• 节点资源超卖方案的实现


    背景

    腾讯云对k8s集群负载的优化讨论中提到了关于节点资源超卖的方案,可以简述为:根据每个节点的真实历史负载数据,动态的配置节点可分配资源总量Allocatable,以控制允许调度到该节点的pod数量。文章中给出了整体的技术方案,也提出了很多需要我们自己去考虑的细节问题,这里尝试简单的实现这个方案。

    实现

    文章中提到的方案如下

    - 每个节点的资源超卖比例,我们设置到Node的Annotation中,比如cpu超卖对应Annotation stke.platform/cpu-oversale-ratio。
    - 每个节点的超卖比例,由自研组件基于节点历史监控数据,动态的/周期性的去调整超卖比例
    - Node超卖特性一定要是可以关闭和还原的,通过Node Annotation stke.platform/mutate: "false"关闭Node超卖,Node在下一个心跳会完成资源复原。
    - 通过kube-apiserver的Mutating Admission Webhook对Node的Create和Status Update事件进行拦截,根据超卖比重新计算该Node的Allocatable&Capacity Resource,Patch到APIServer。

    这里关键是需要考虑以下细节问题

    1.Kubelet Register Node To ApiServer的详细原理是什么,通过webhook直接Patch Node Status是否可行?

    1.1 简单描述心跳方式:目前k8s支持两种心跳方式,其中新的心跳方式NodeLease更加轻量,每次心跳内容0.1Kb左右,可以较好的解决节点数量多的时候频繁的心跳信息给apiserver带来的压力,NodeLease目前作为未正式可用的新特性,需要kubelet中开启这个feature,这里仅考虑原心跳方式(关于两种心跳的协同工作原理之后可以记录一下)。
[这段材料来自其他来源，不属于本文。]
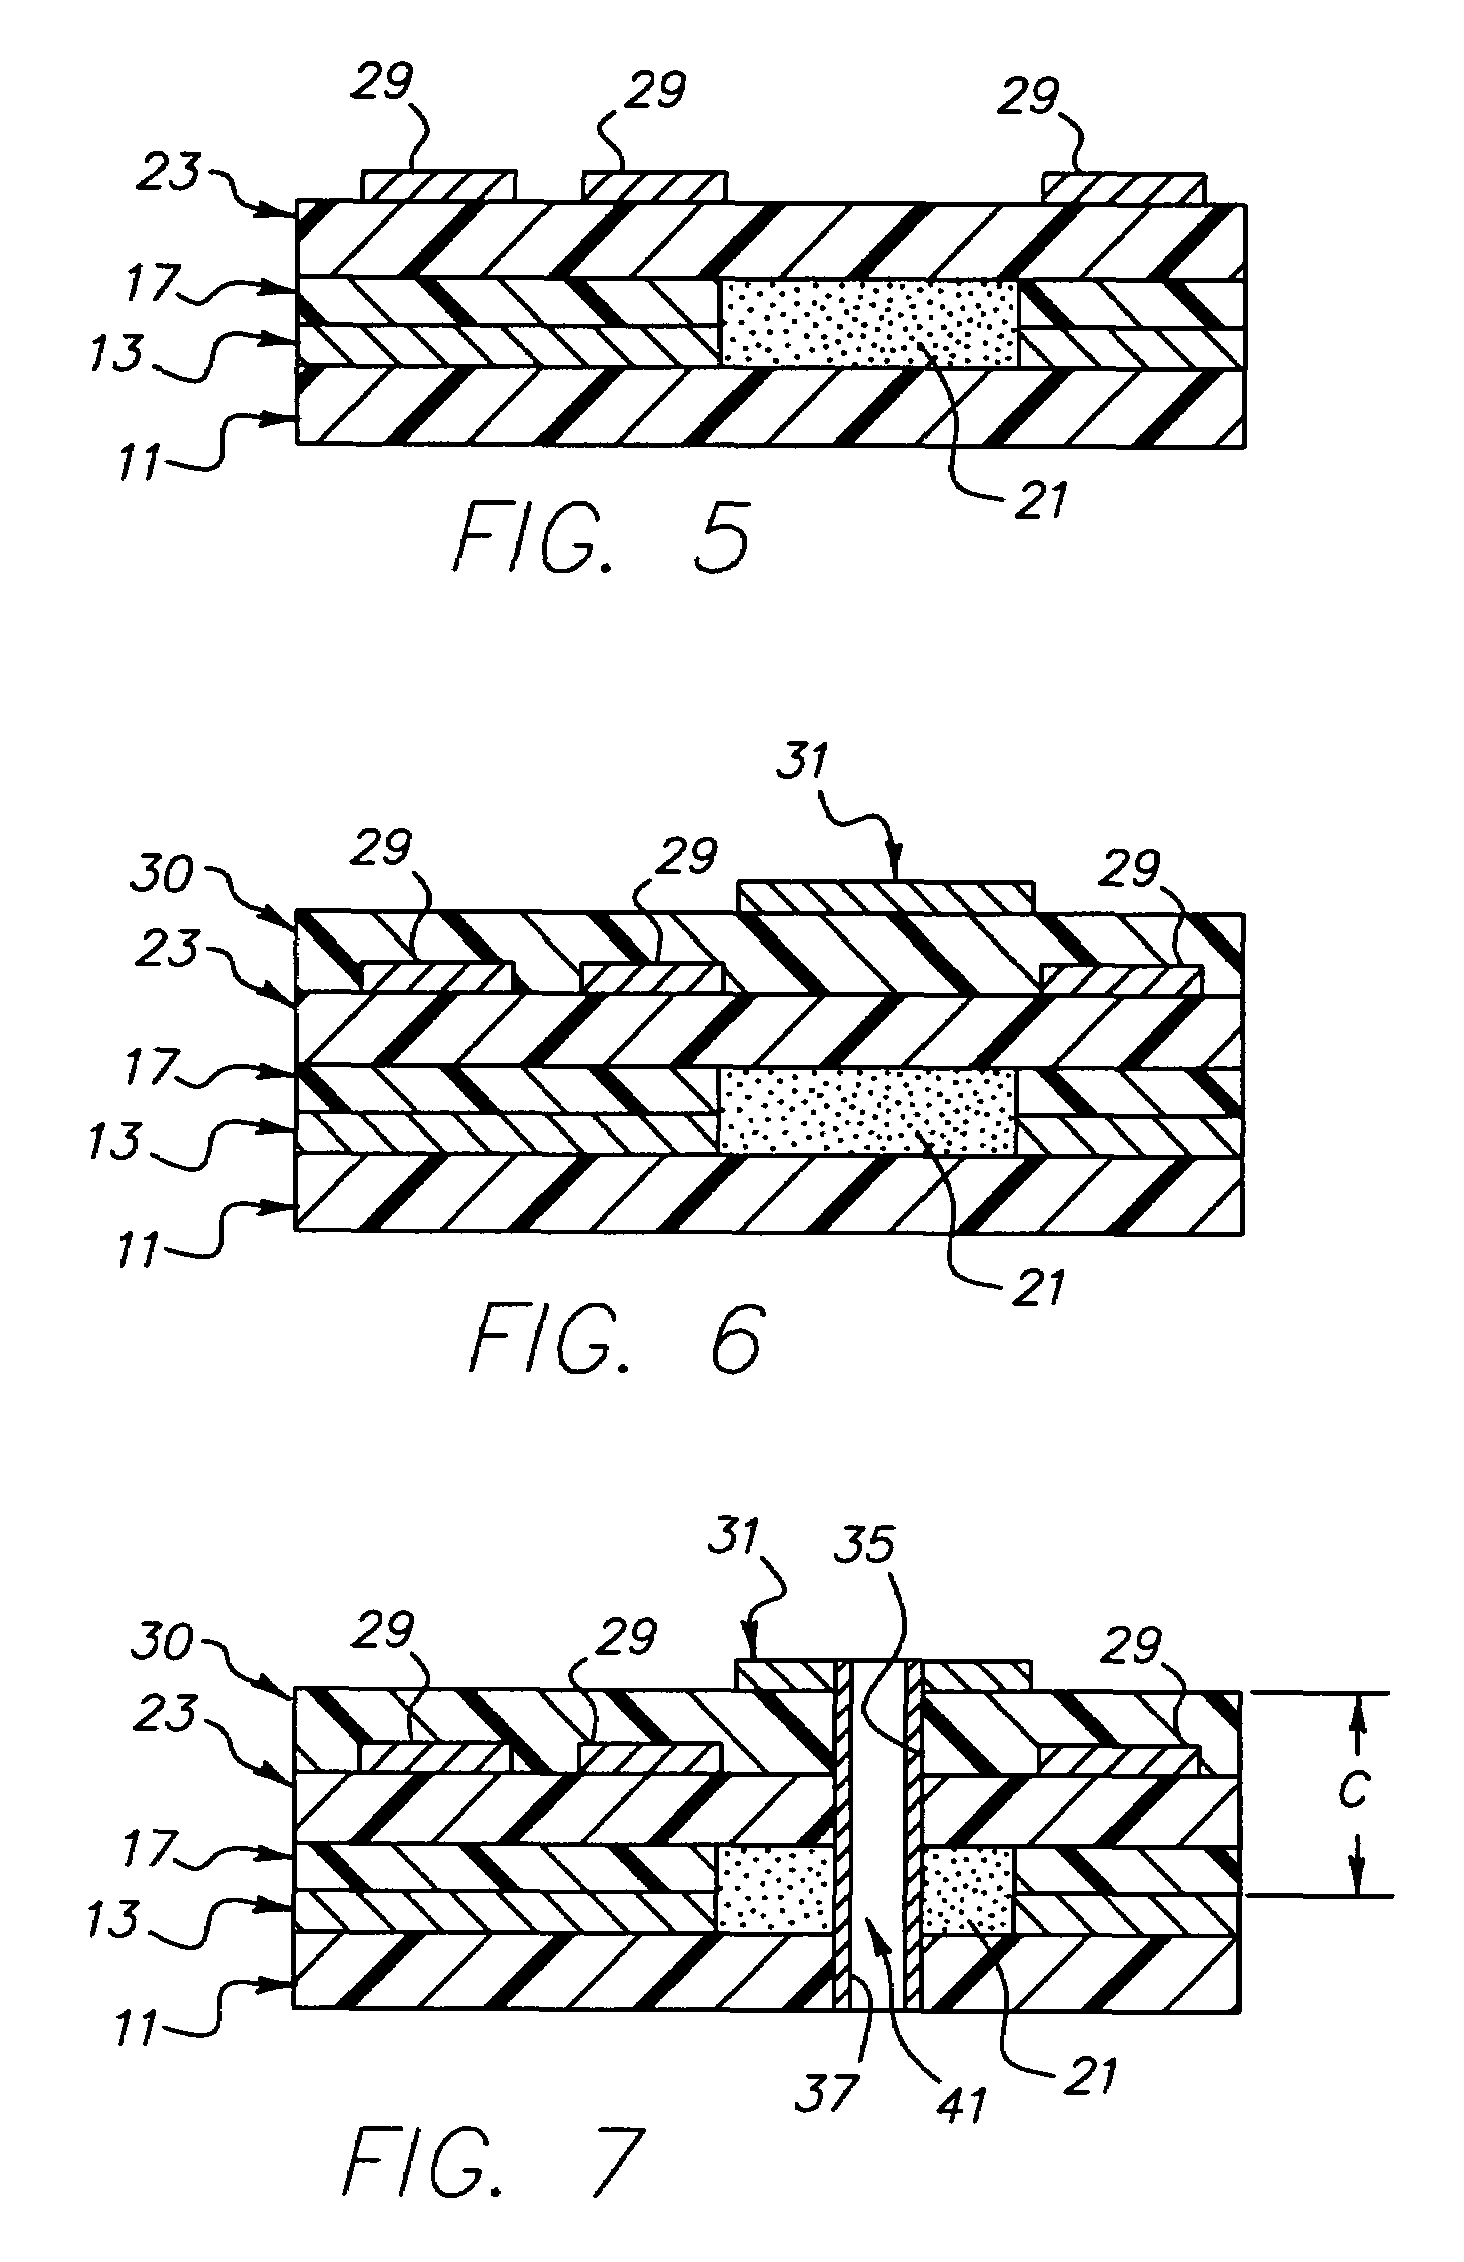 Circuitized substrate with internal resistor, method of making said circuitized substrate, and electrical assembly utilizing said circuitized substrate

    简单看一下源码https://github.com/kubernetes/kubernetes/blob/master/pkg/kubelet/kubelet_node_status.go 中的tryUpdateNodeStatus方法,先获取Node信息(注释里面说到了这个Get操作优先从本地缓存里面拿,效率高一点),然后通过setNodeStatus方法对node的status进行补充(心跳的内容主要就是node对象的node.status字段值),例如补充MachineInfo即cpu和内存信息、ImageList、Condition等(具体会补充什么内容可以查看pkg/kubelet/kubelet_node_status.go#defaultNodeStatusFuncs),之后会调用函数PatchNodeStatus向apiserver发送这个node信息,参数nodeStatusUpdateFrequency指定发送频率,默认是10s。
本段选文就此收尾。